Assignment:
Below is a listing. Return the lines from the one that contains "Miami, FL, EEUU" to the one that contains "Kerstboomhanger Glaze in", both ends included, verbatim and with no pictures.
[Opening The data section]
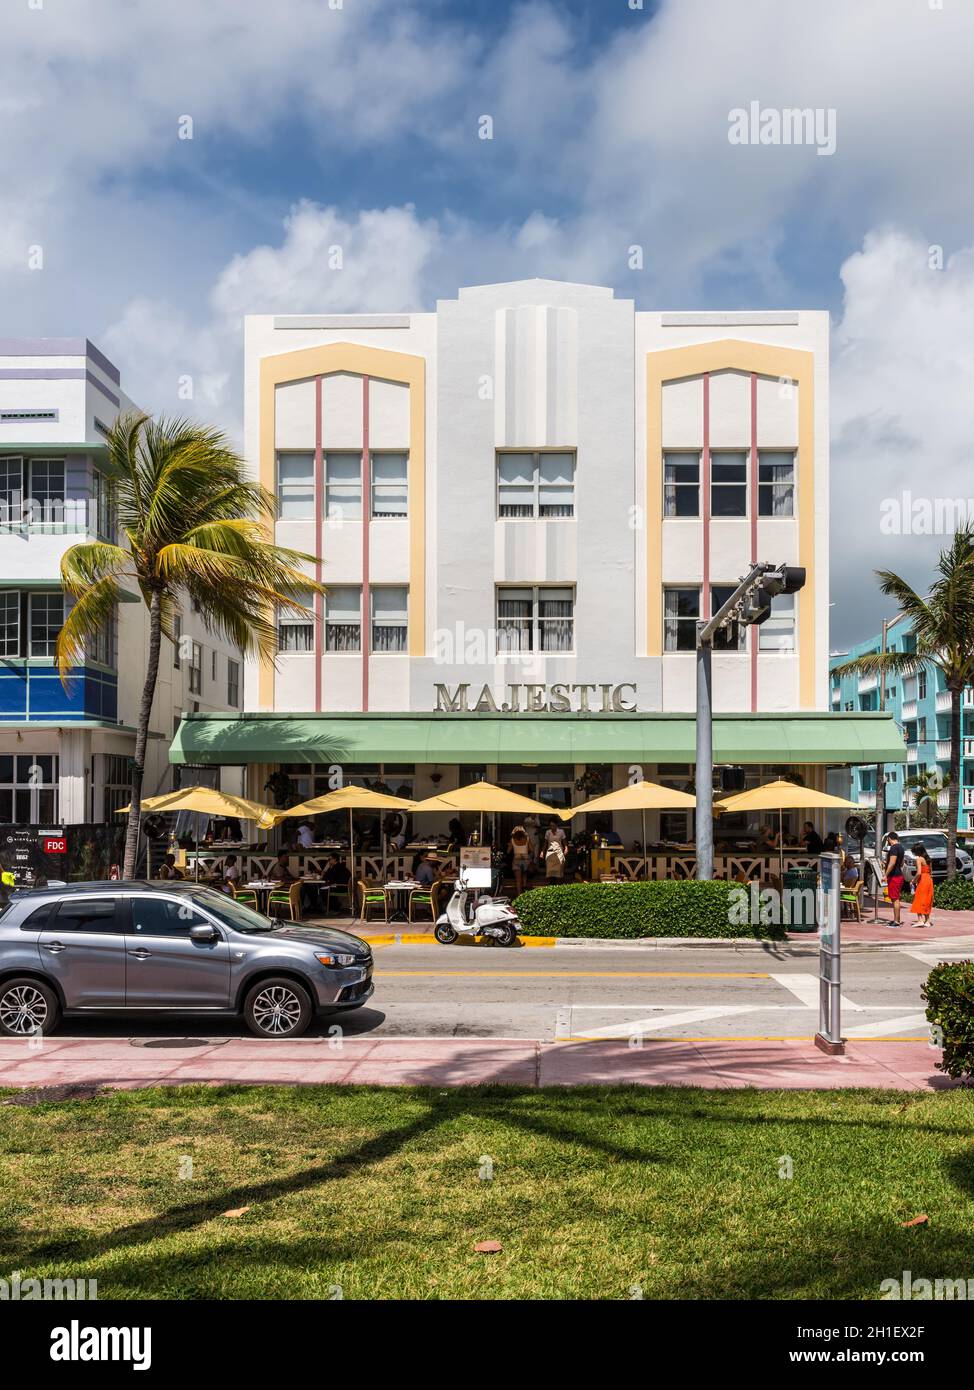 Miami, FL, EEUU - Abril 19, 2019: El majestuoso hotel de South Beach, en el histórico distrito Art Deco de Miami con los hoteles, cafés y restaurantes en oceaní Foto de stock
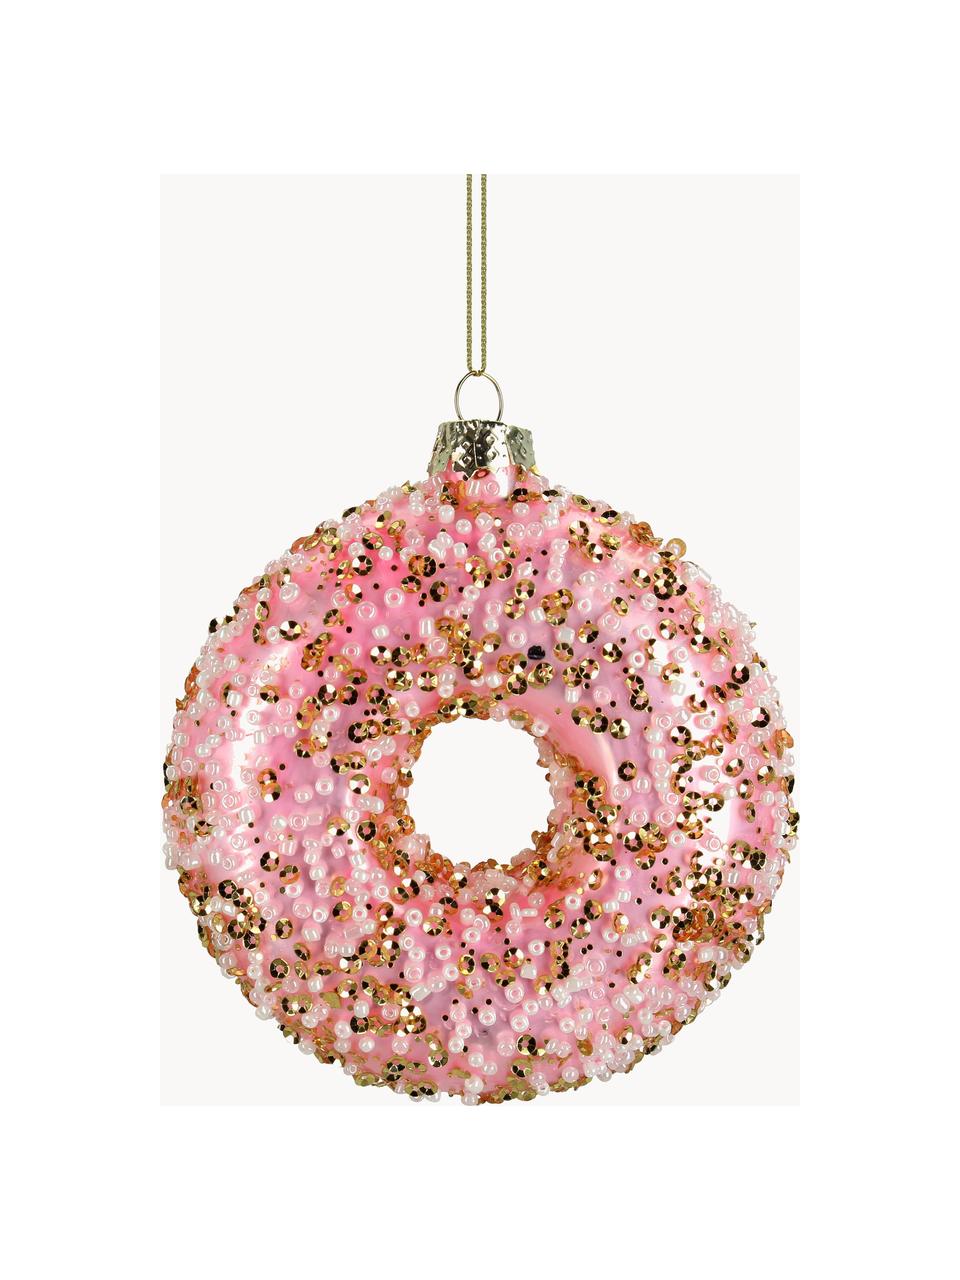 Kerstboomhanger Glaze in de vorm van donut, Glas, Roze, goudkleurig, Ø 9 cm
[Closing The data section]
[Opening The data section]
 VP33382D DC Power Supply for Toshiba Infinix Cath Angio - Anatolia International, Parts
[Closing The data section]
Result:
 Miami, FL, EEUU - Abril 19, 2019: El majestuoso hotel de South Beach, en el histórico distrito Art Deco de Miami con los hoteles, cafés y restaurantes en oceaní Foto de stock
 Kerstboomhanger Glaze in de vorm van donut, Glas, Roze, goudkleurig, Ø 9 cm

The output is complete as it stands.